Skip every image and restate the data word for word.

* **Collected data**:
BEGIN
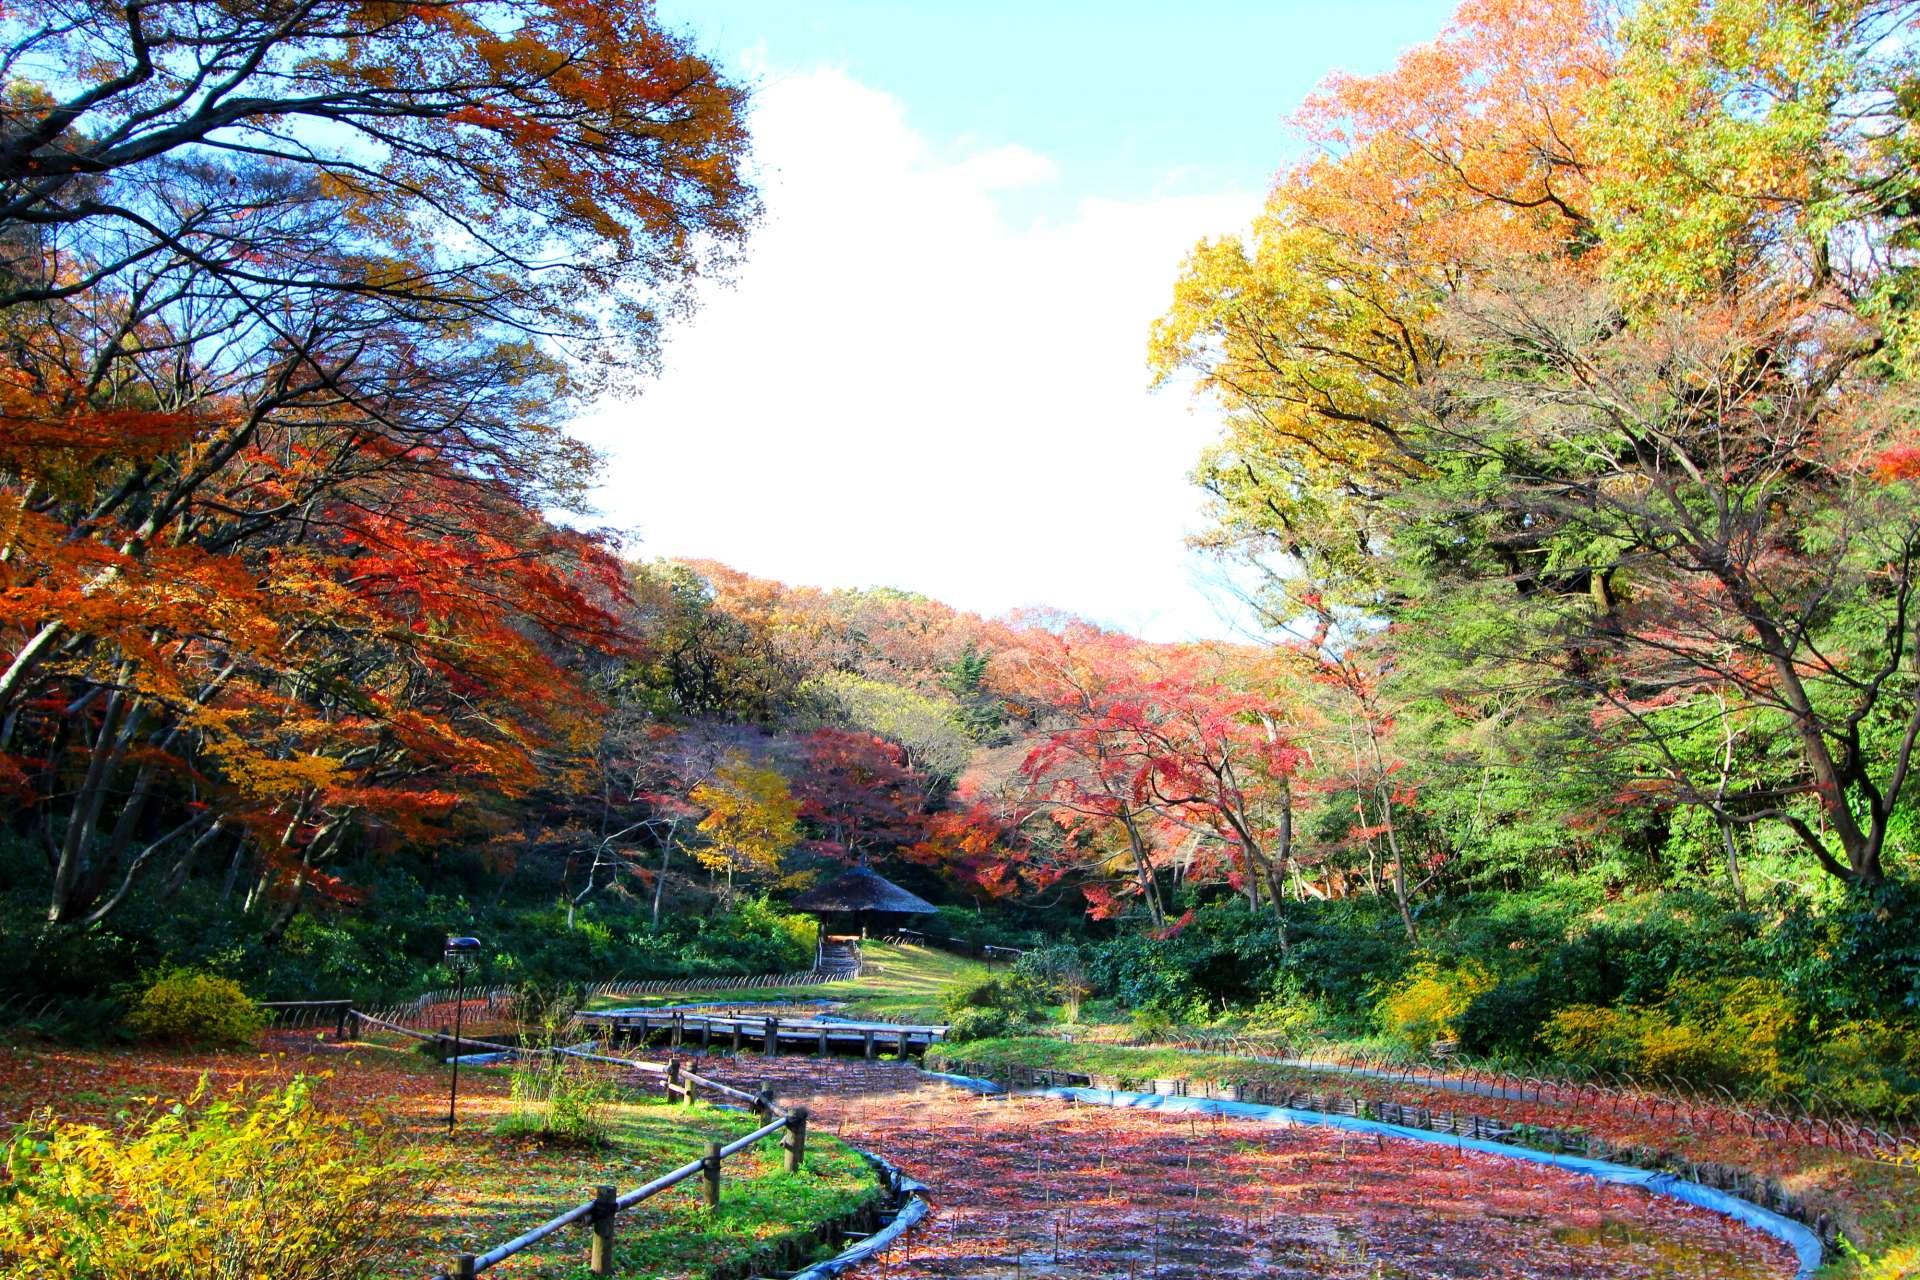 御苑小径和枫叶
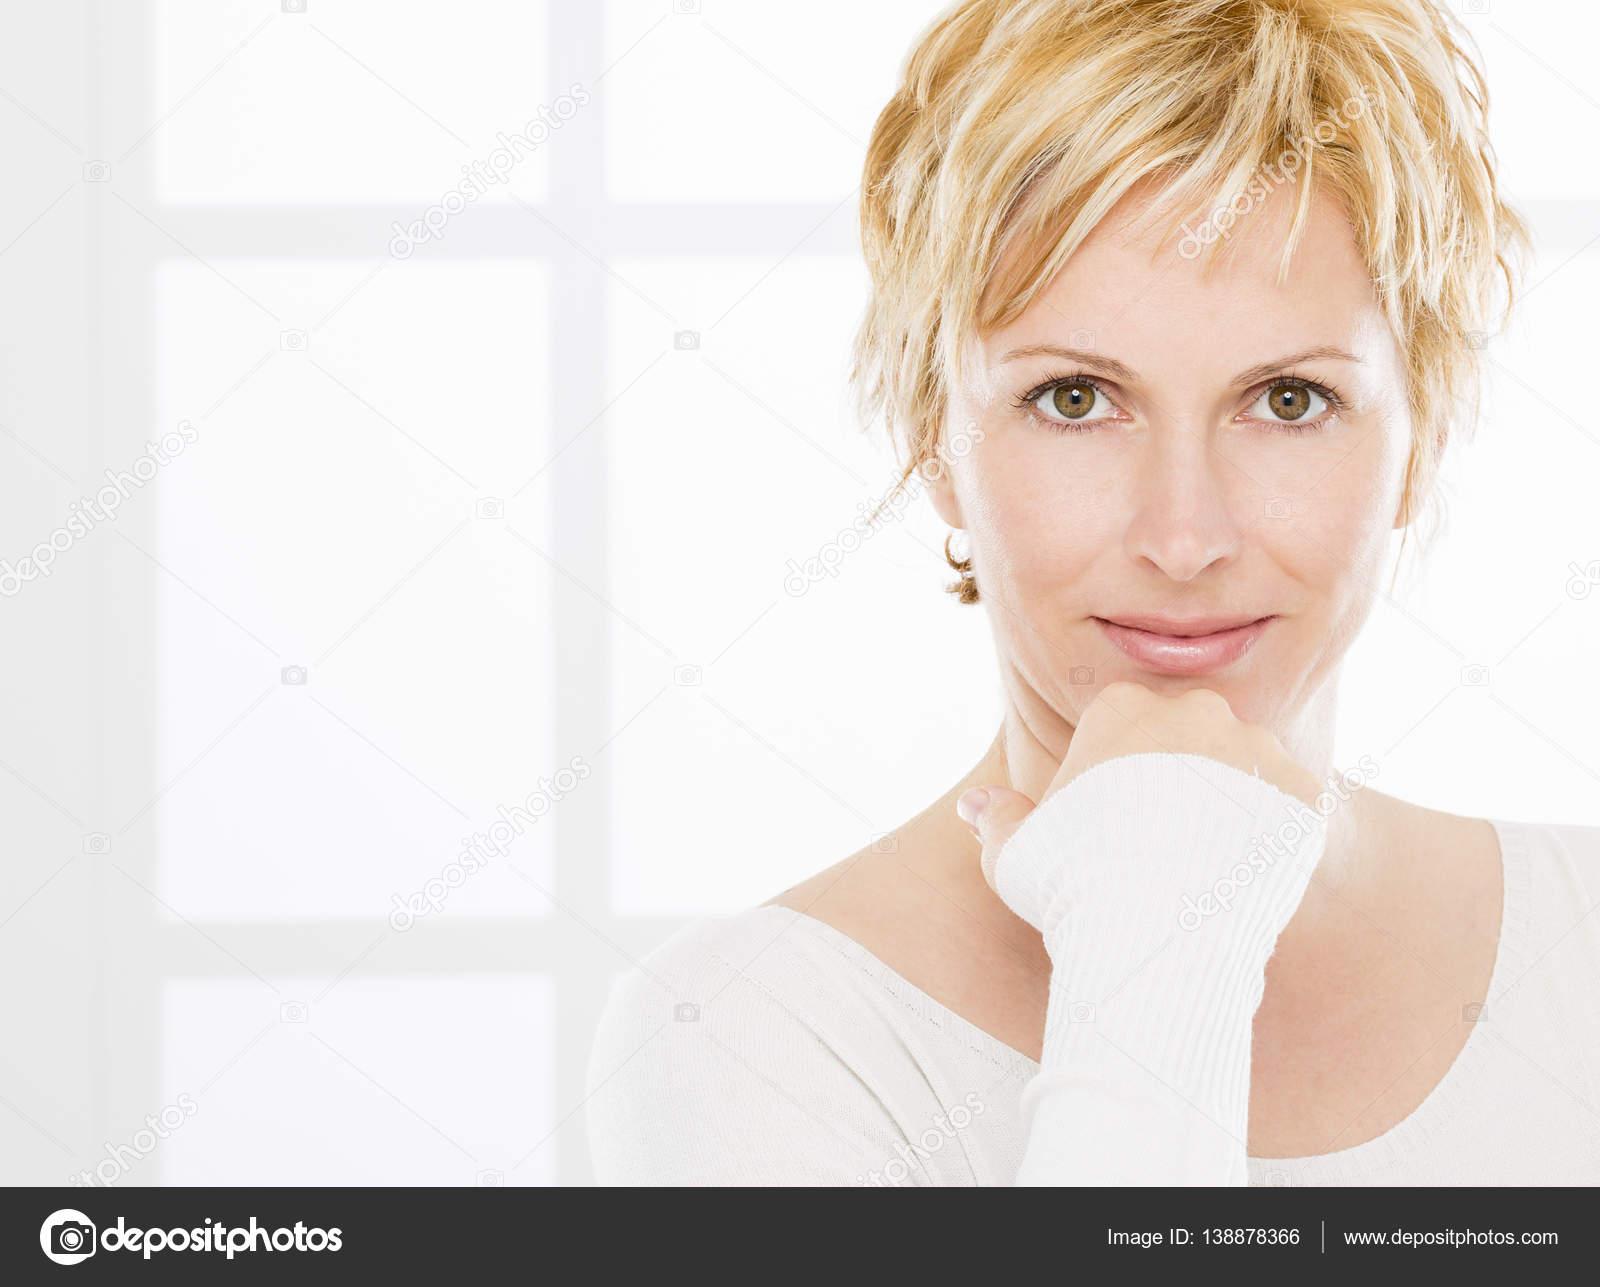 Bilder der 40 Jahre alten Frau
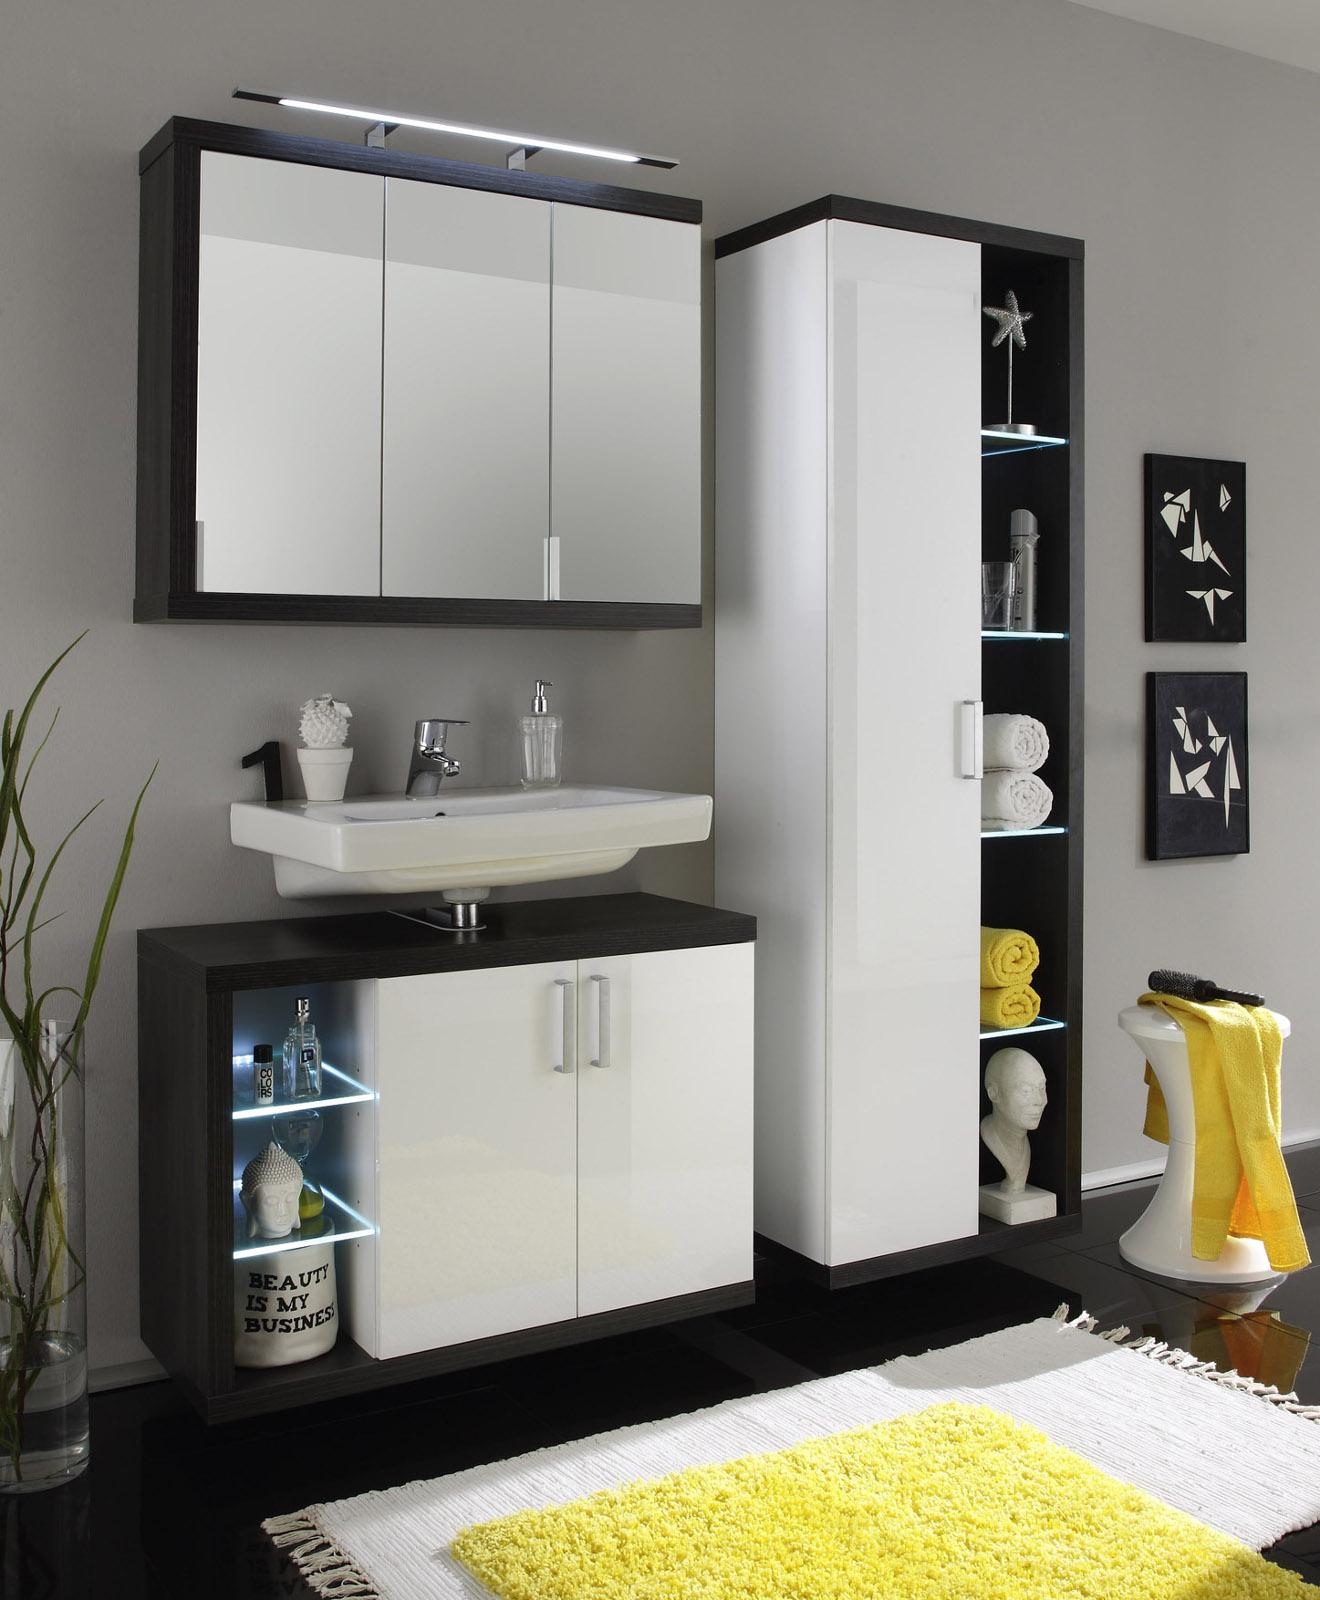 Badezimmermöbel weiss günstig  Badmöbel Sunrise Weiß/Silber günstig online kaufen
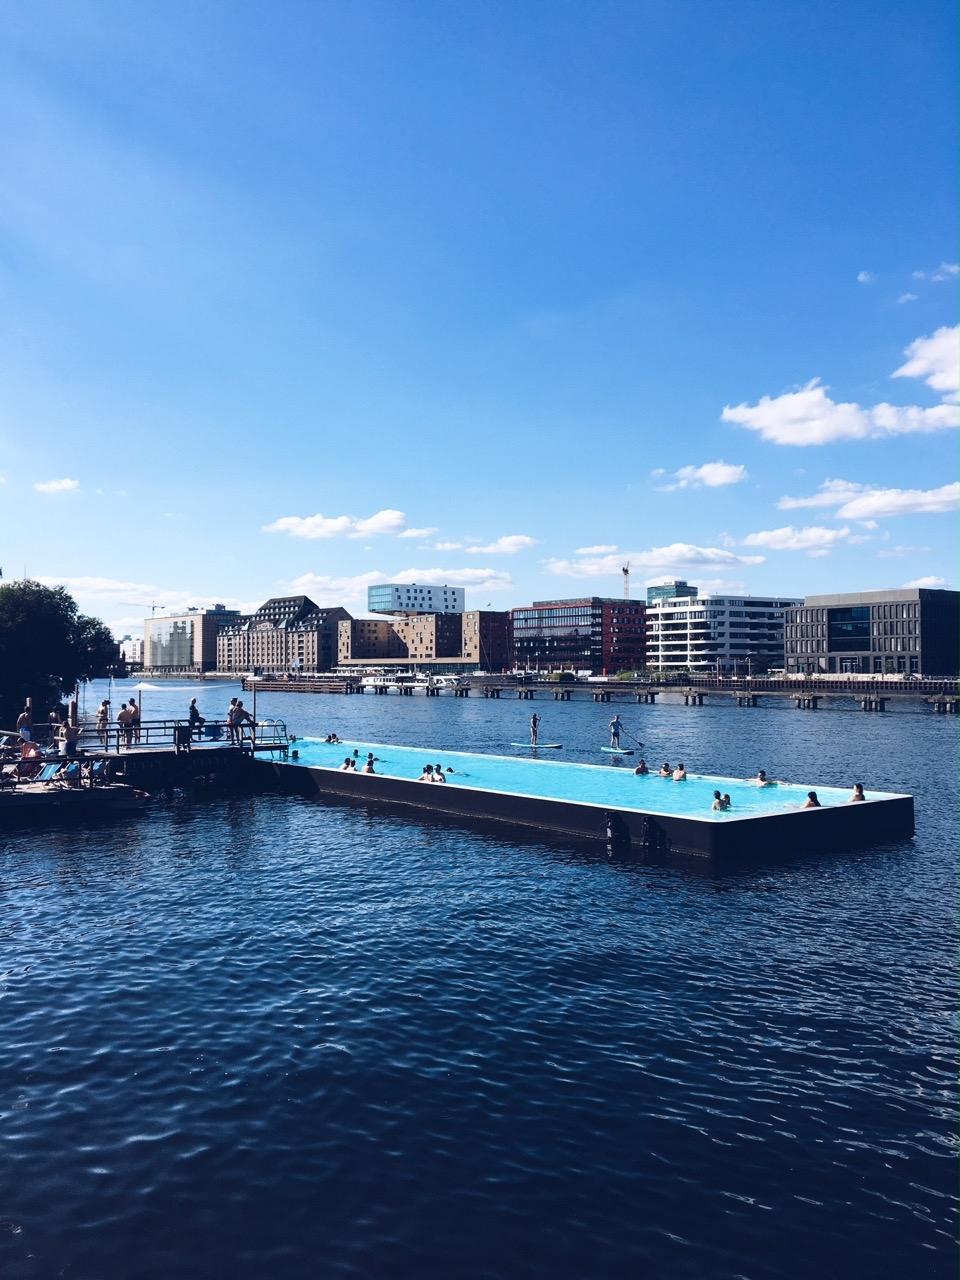 Badeschiff_Berlin
END
* **Exercise result**:
 御苑小径和枫叶
 Bilder der 40 Jahre alten Frau
 Badezimmermöbel weiss günstig  Badmöbel Sunrise Weiß/Silber günstig online kaufen
 Badeschiff_Berlin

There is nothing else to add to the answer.